Each National Olympic Committee (NOC) can enter a maximum of 1 individual athlete and 1 group of 5 athletes. Each continent will qualify one group through five continental qualification tournaments along with China as hosts. China however, declined its spot and it was reallocated to the next best ranked Asian team. Oceania also declined to use its continental quota and the spot was reallocated to the next best team from Europe. Individual athletes can qualify their nations in one of five continental qualification tournaments. Despite being hosts China did not select an athlete to compete in this event. Initially 2 spots were allocated to the Tripartite Commission, however none were given.
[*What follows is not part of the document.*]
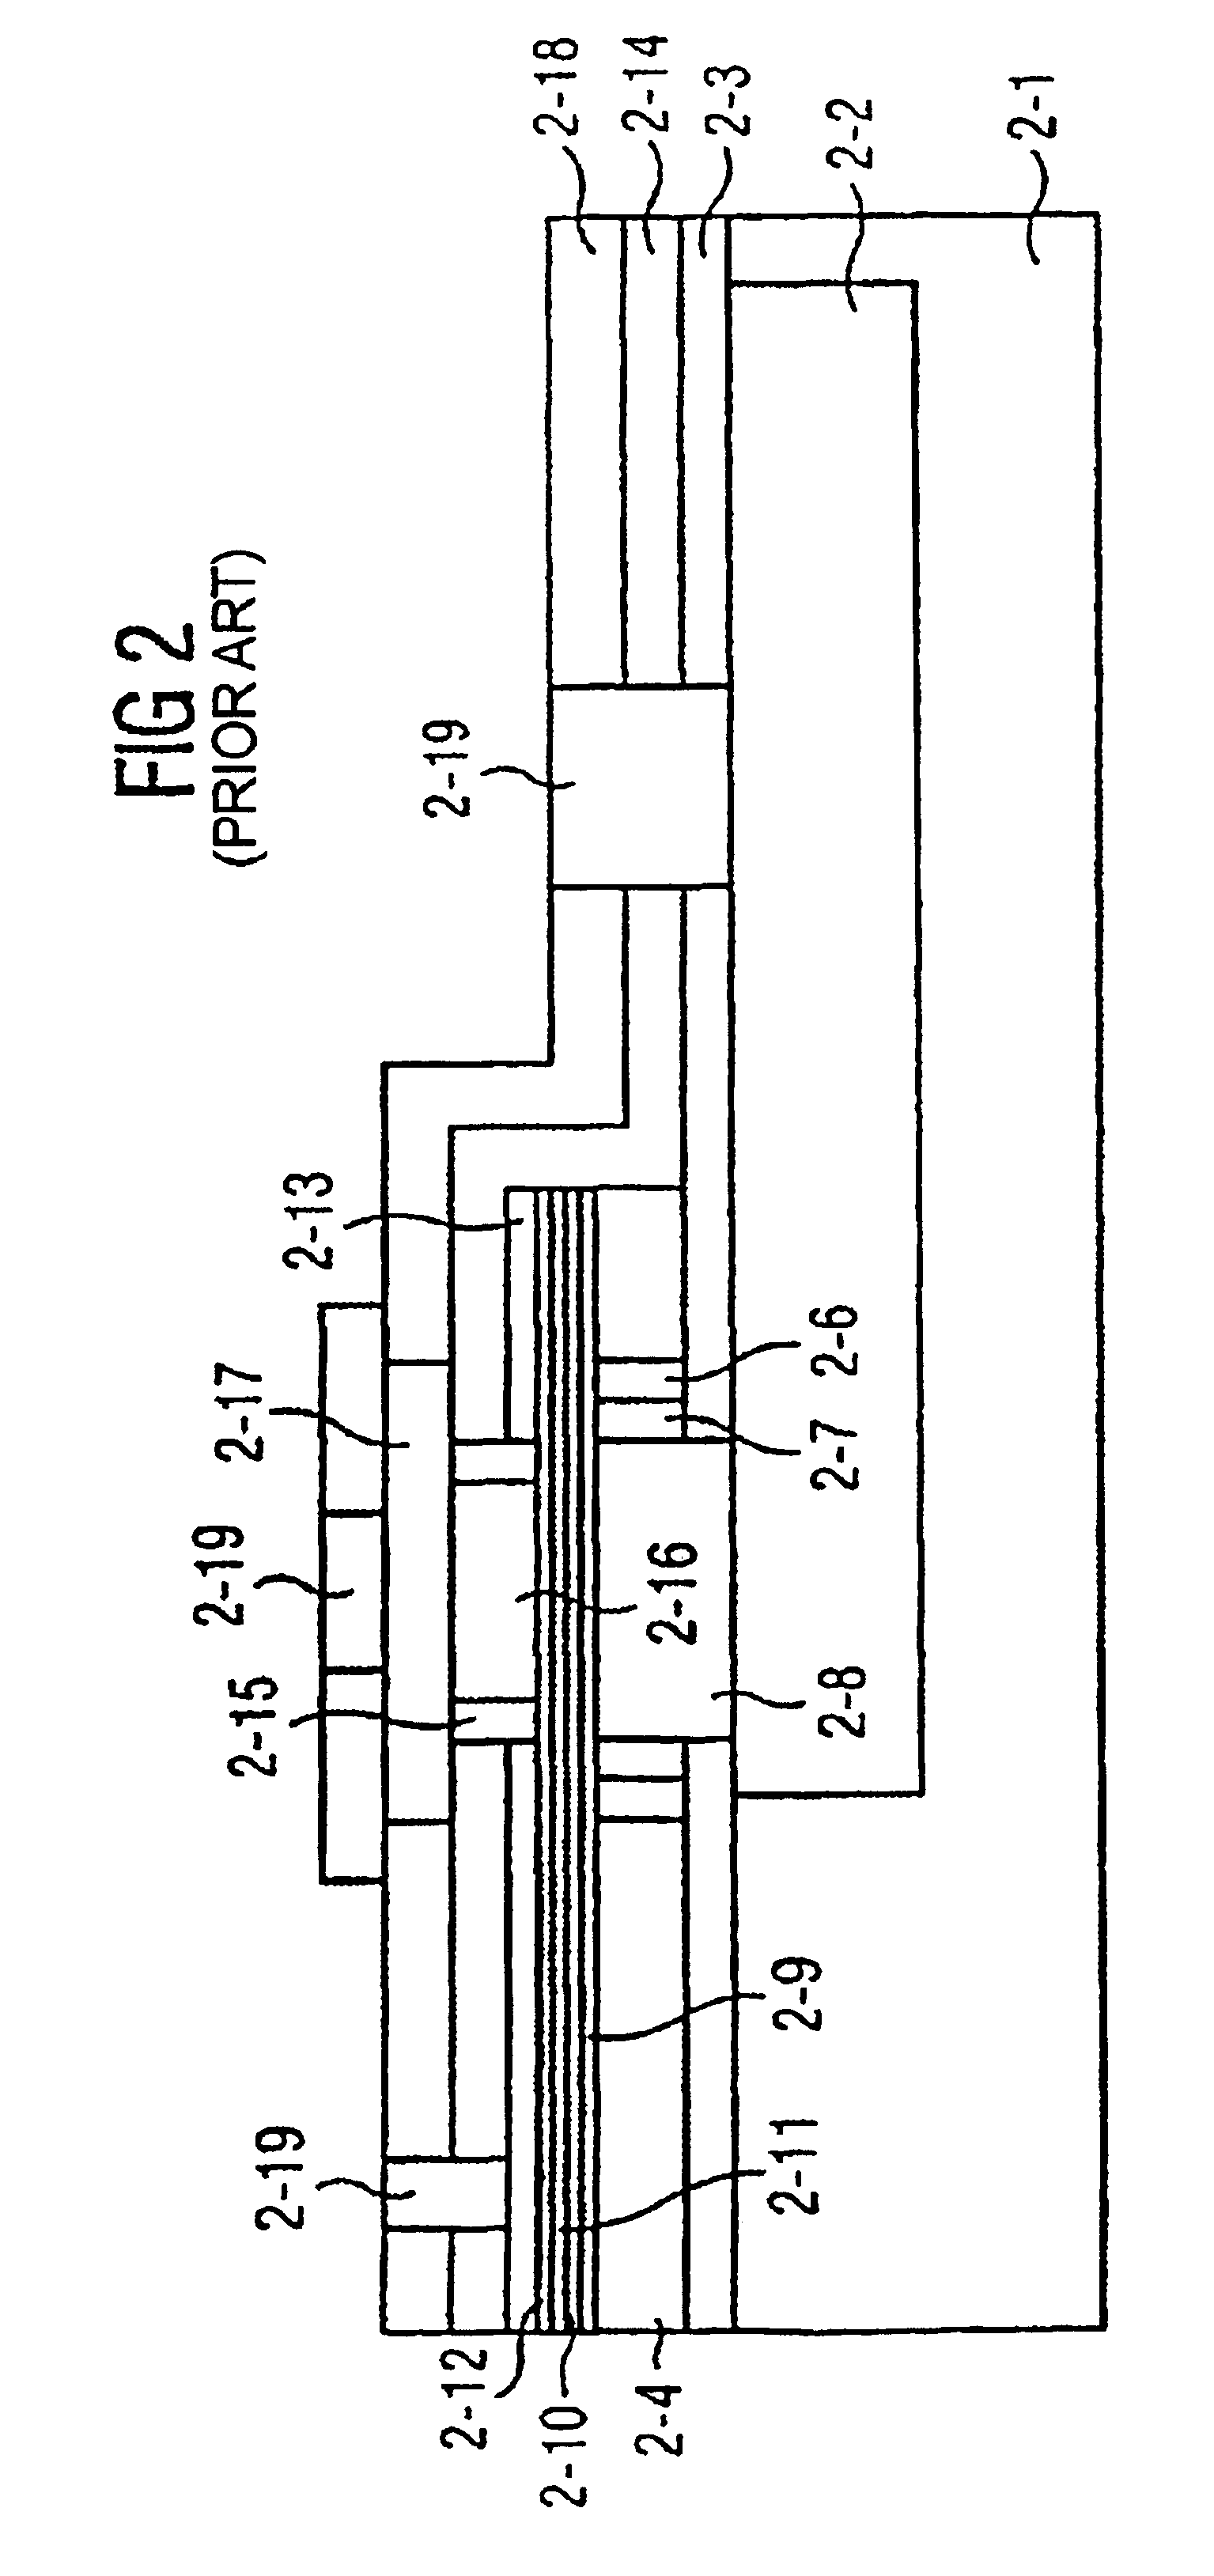 Method for fabricating a bipolar transistor

To be eligible to participate at the Youth Olympics athletes must have been born between 1 January 1999 and 31 December 1999. Also athletes who have participated in FIG senior competitions or multisport games may not participate in the Youth Olympic Games

Individual

Group

Trampoline

Each National Olympic Committee (NOC) can enter a maximum of 2 athletes, 1 per each gender. Athletes can qualify their nations in one of five continental qualification tournaments. As they qualified normally China was not given the host quota. Initially a further 2, 1 in each gender was to be decided by the Tripartite Commission, but only 1 spot was given; this will cause a reduction from the continental quota depending which continent the chosen athlete is from.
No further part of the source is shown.